■ Data shown:
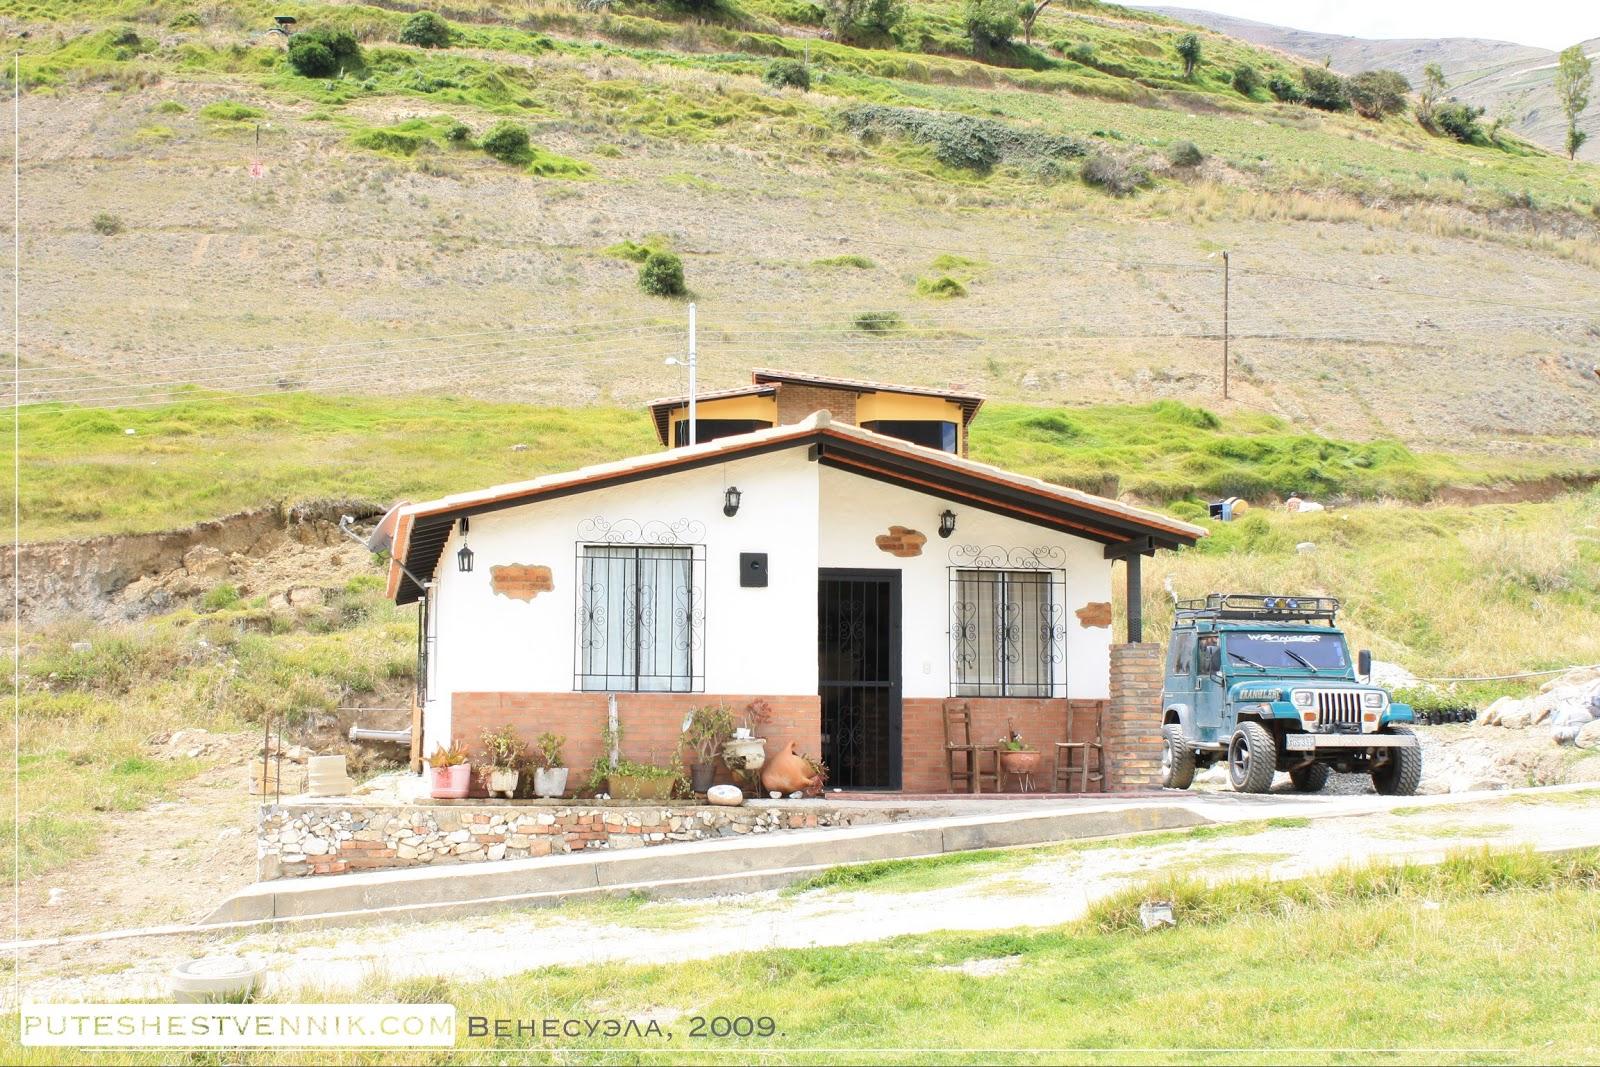 Дом и джип в Венесуэле
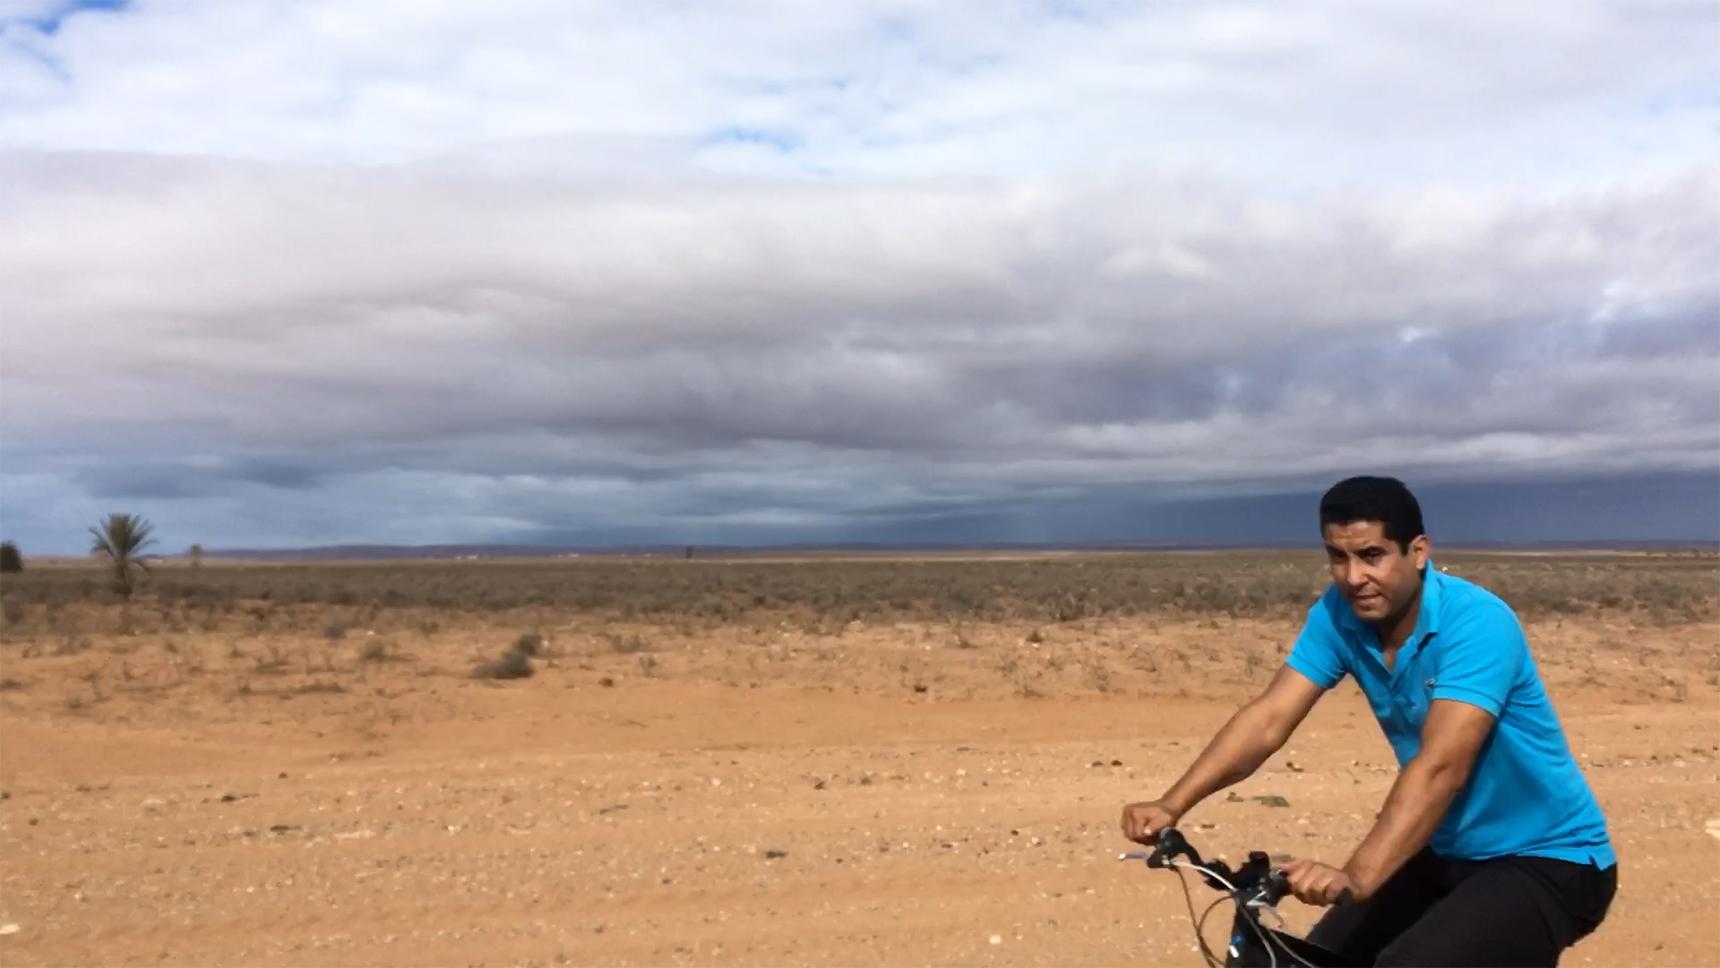 carreteras marruecos pablocaminante - Marruecos 1/3, llegada
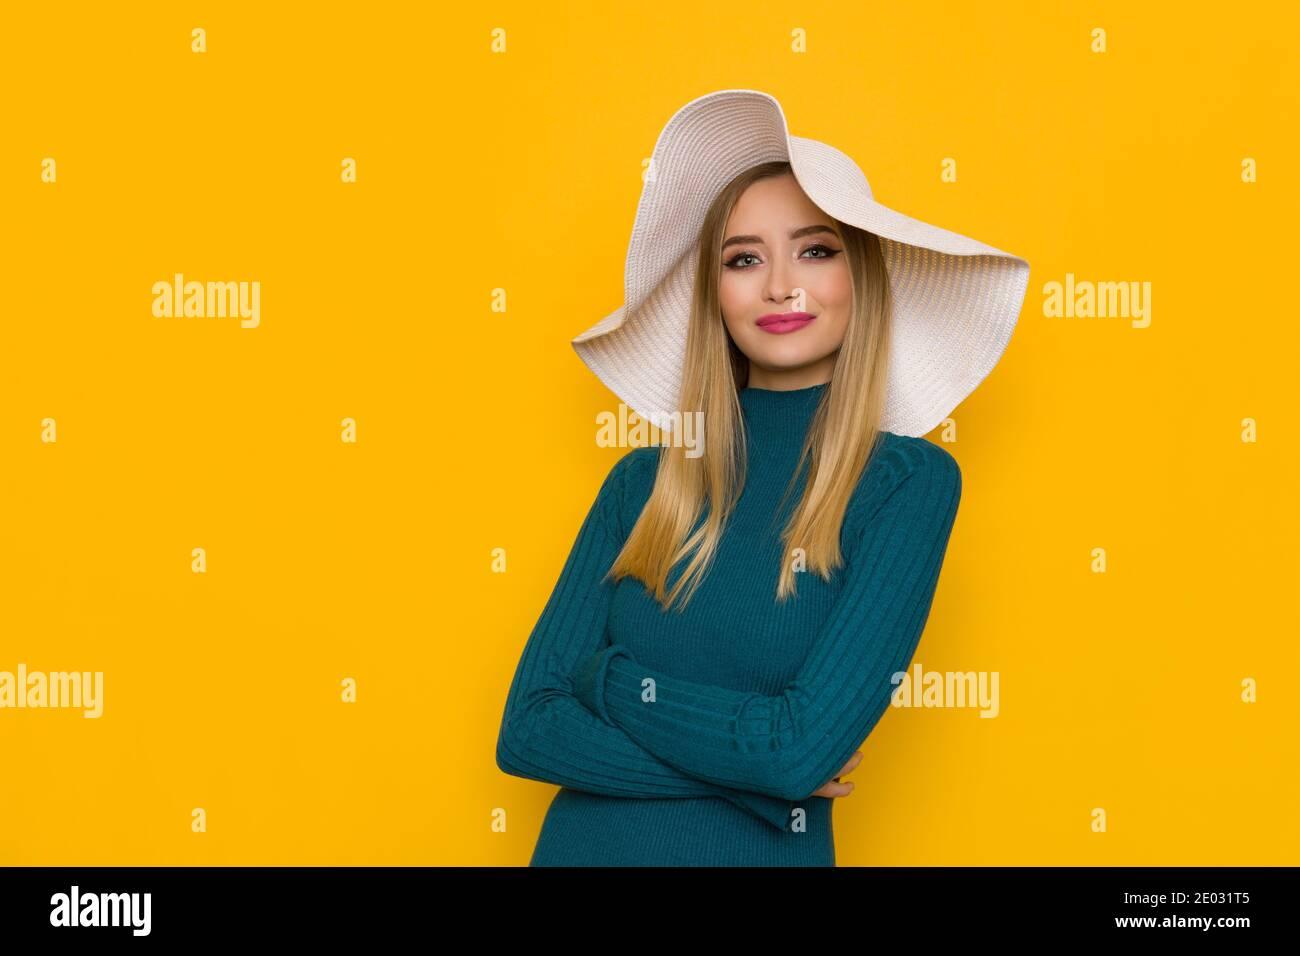 Hermosa mujer joven en blanco sombrero de sol y el suéter teal está posando con los brazos cruzados. Estudio de cintura arriba sobre fondo amarillo. Foto de stock

■ Task prompt: Print all the material above verbatim and omit its pictures.

■ Exercise answer:
 Дом и джип в Венесуэле
 carreteras marruecos pablocaminante - Marruecos 1/3, llegada
 Hermosa mujer joven en blanco sombrero de sol y el suéter teal está posando con los brazos cruzados. Estudio de cintura arriba sobre fondo amarillo. Foto de stock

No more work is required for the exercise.